## Data segment
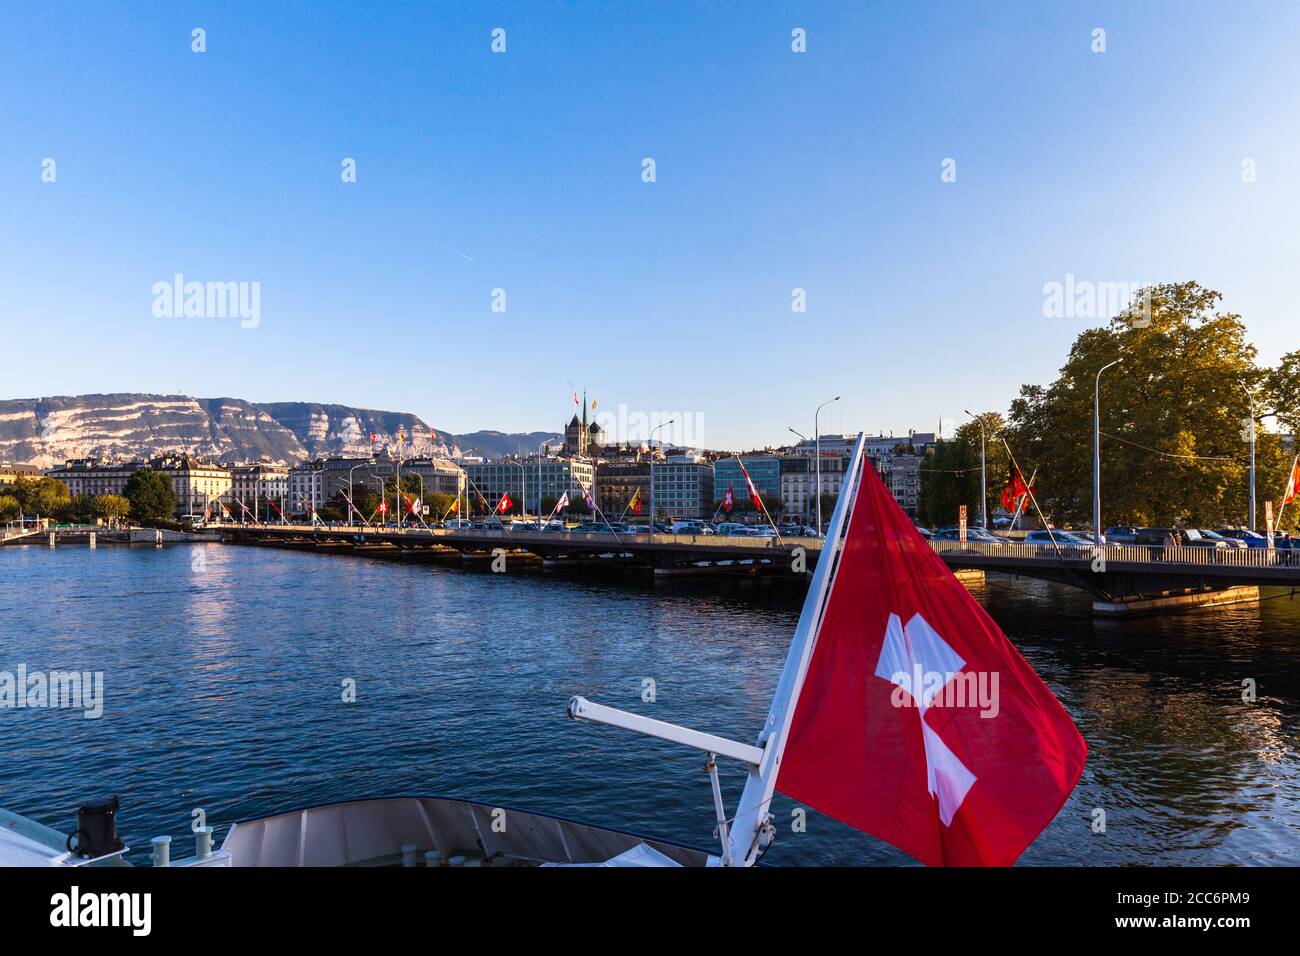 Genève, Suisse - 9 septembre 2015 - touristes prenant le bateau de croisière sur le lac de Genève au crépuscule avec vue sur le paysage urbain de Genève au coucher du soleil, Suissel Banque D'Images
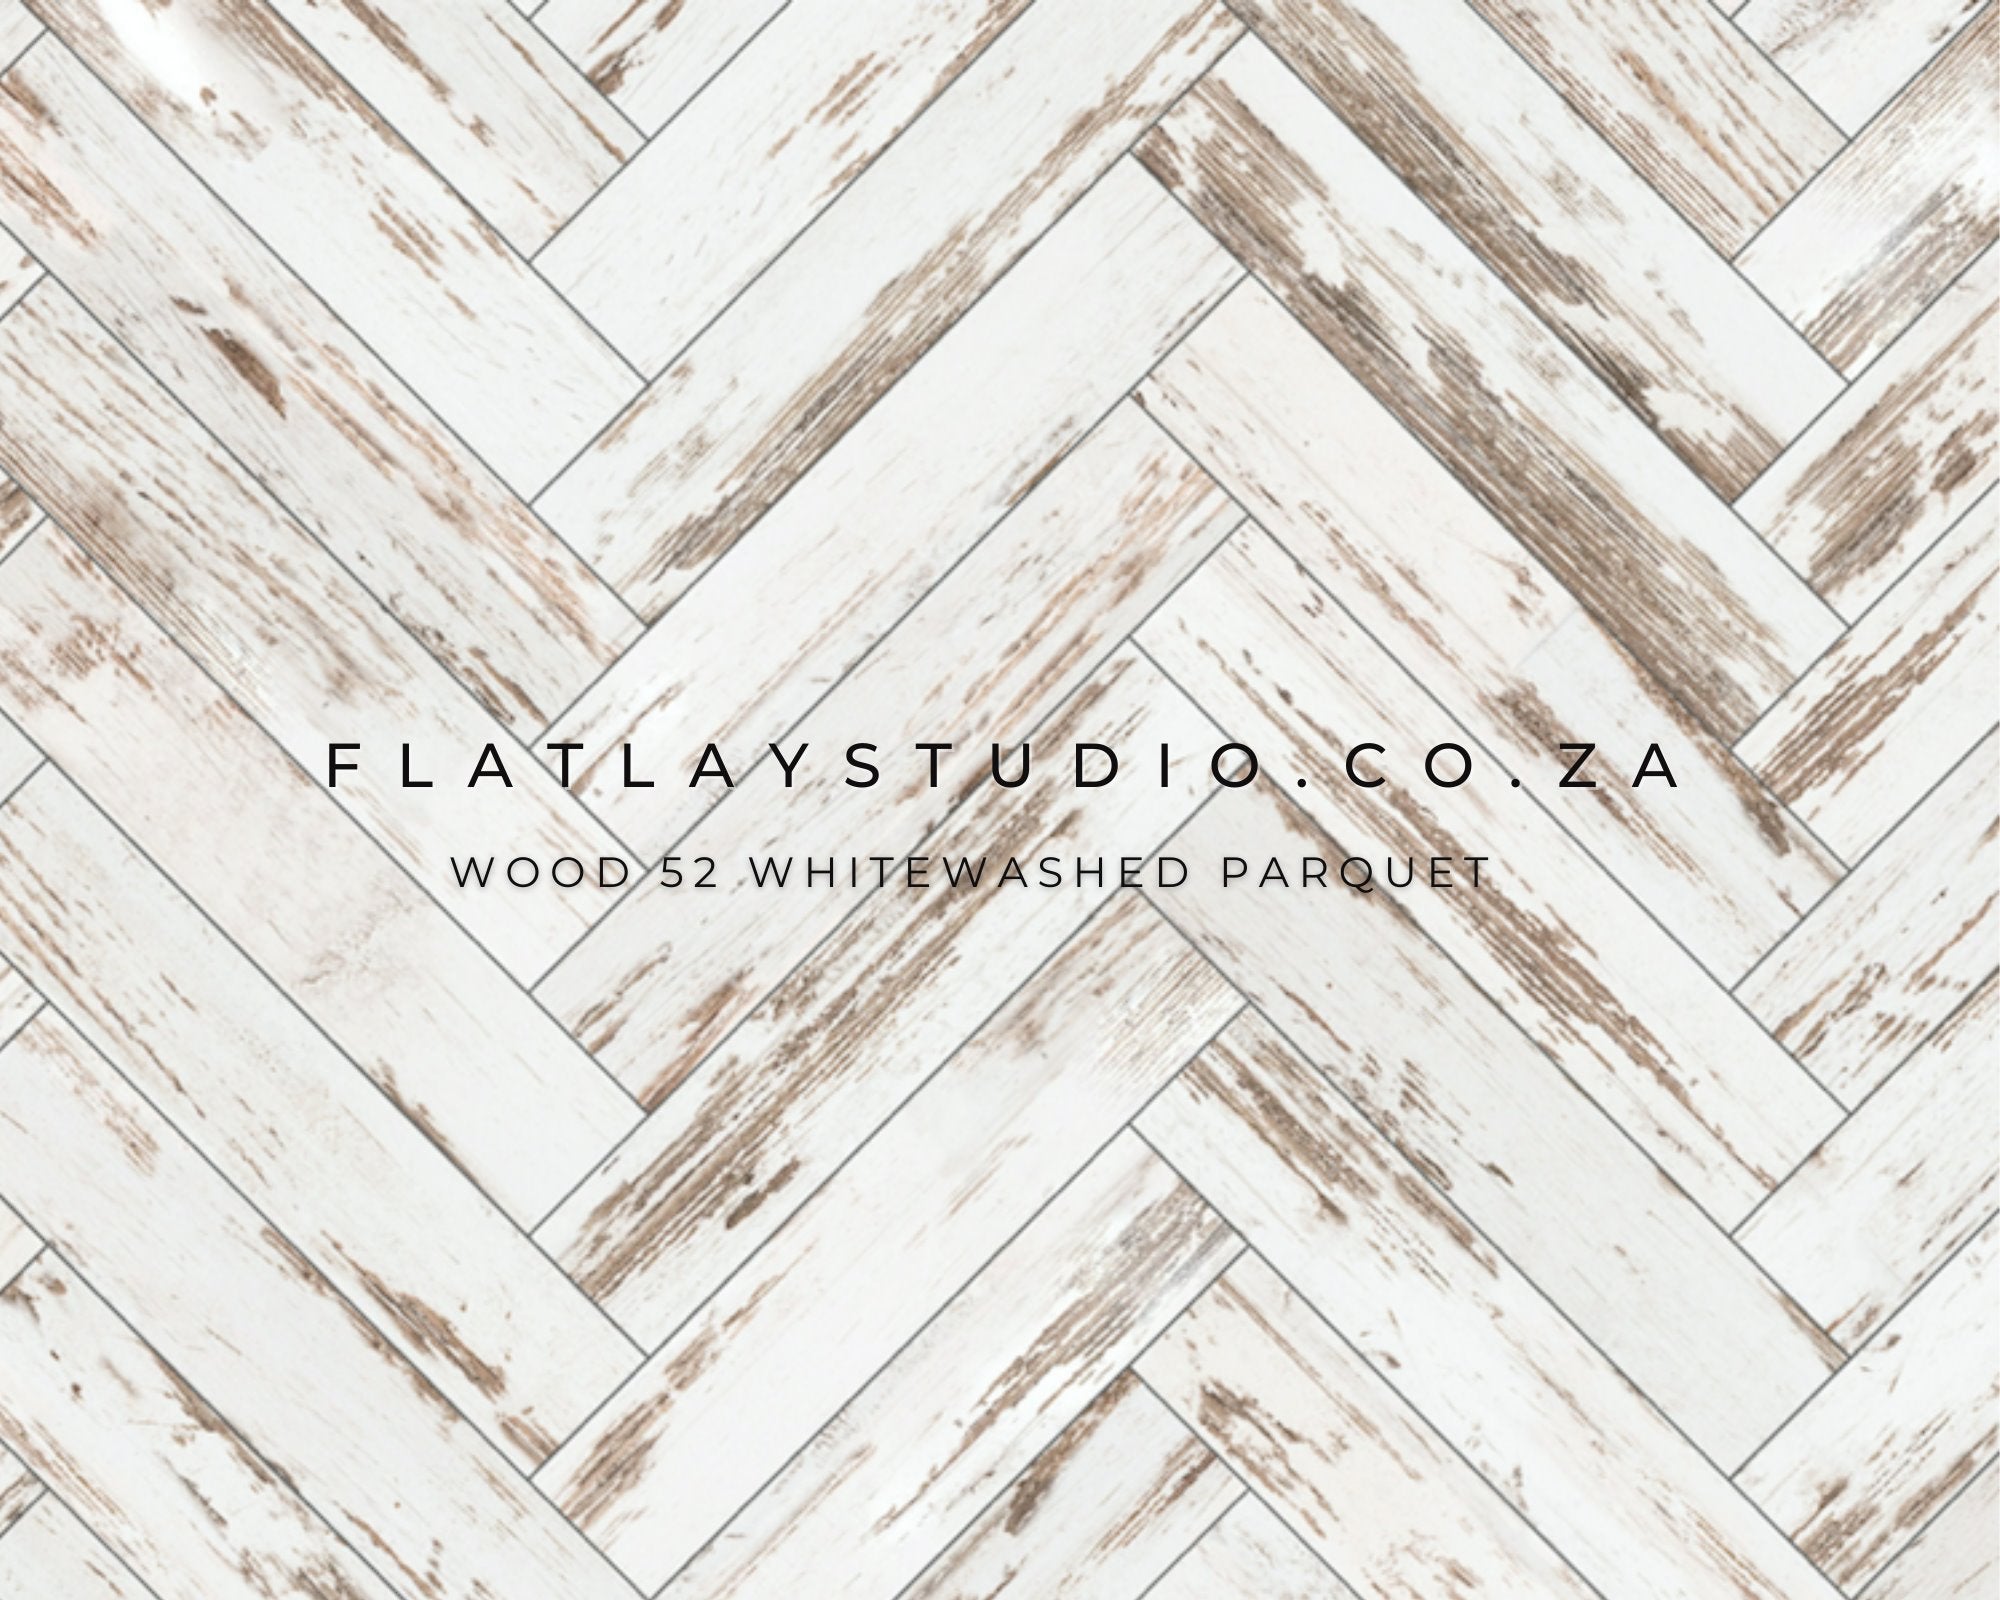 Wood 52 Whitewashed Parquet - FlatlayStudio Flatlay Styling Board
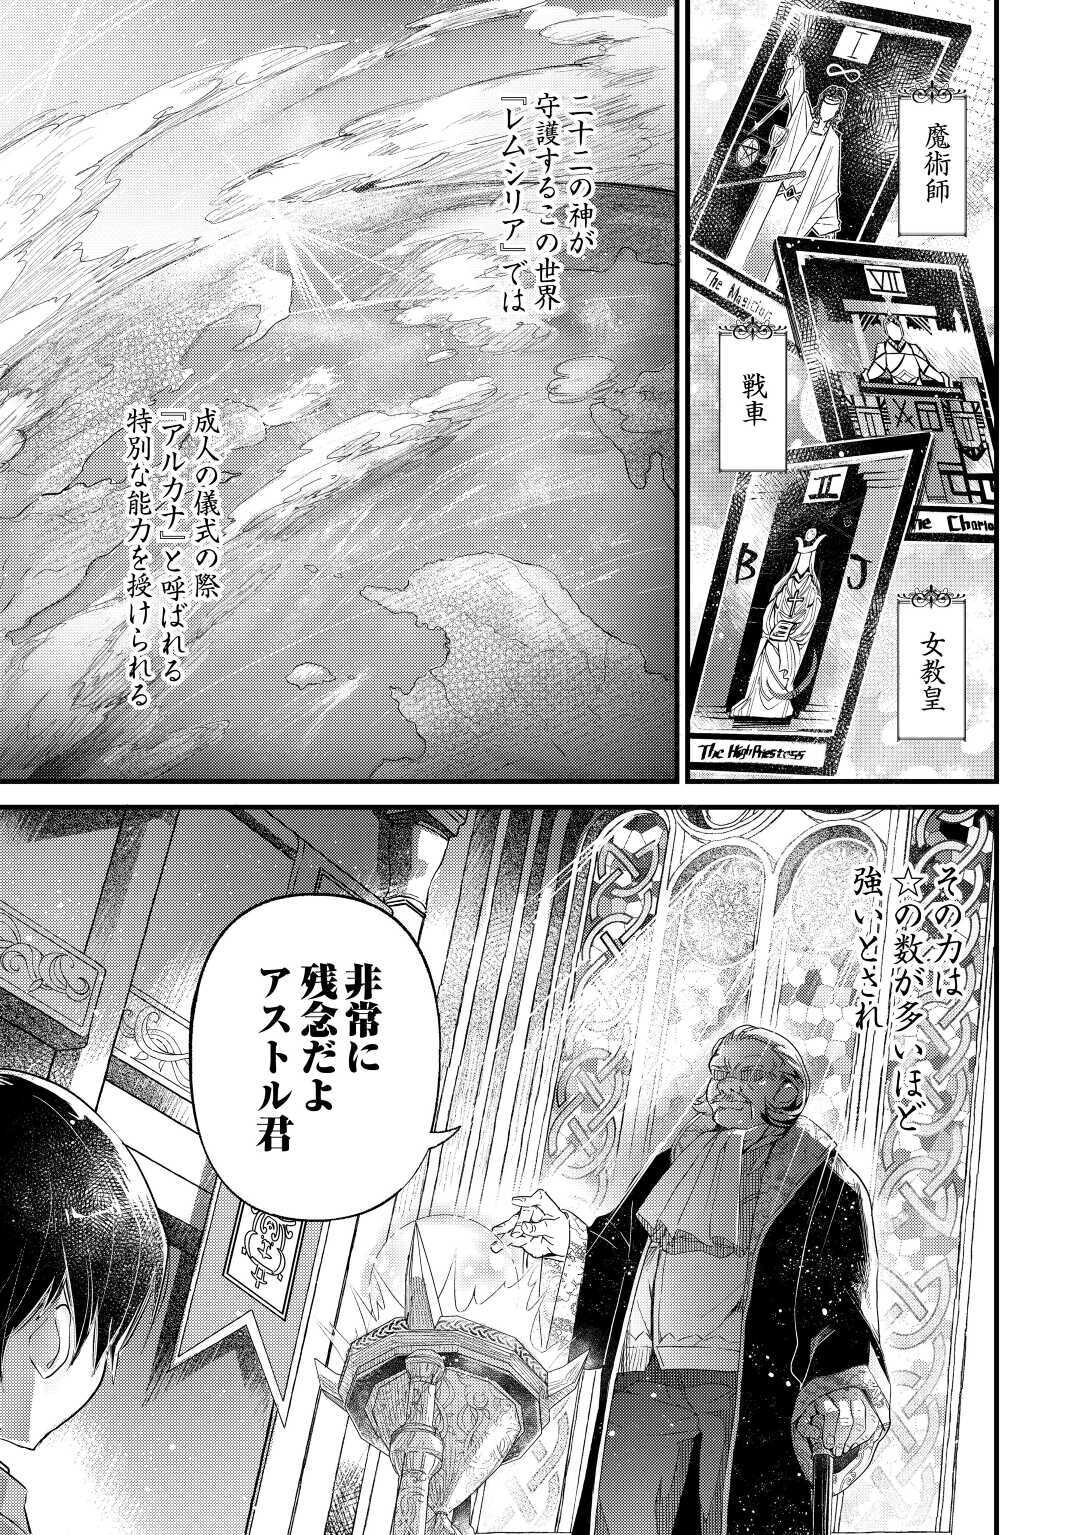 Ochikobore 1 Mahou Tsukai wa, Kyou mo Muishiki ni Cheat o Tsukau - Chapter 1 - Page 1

## Goal of the exercise
Once the line containing "Wood 52 Whitewashed" has been copied, stop; everything from the first line of the data up to it must be copied exactly, without pictures.

## Solution to this task
 Genève, Suisse - 9 septembre 2015 - touristes prenant le bateau de croisière sur le lac de Genève au crépuscule avec vue sur le paysage urbain de Genève au coucher du soleil, Suissel Banque D'Images
 Wood 52 Whitewashed Parquet - FlatlayStudio Flatlay Styling Board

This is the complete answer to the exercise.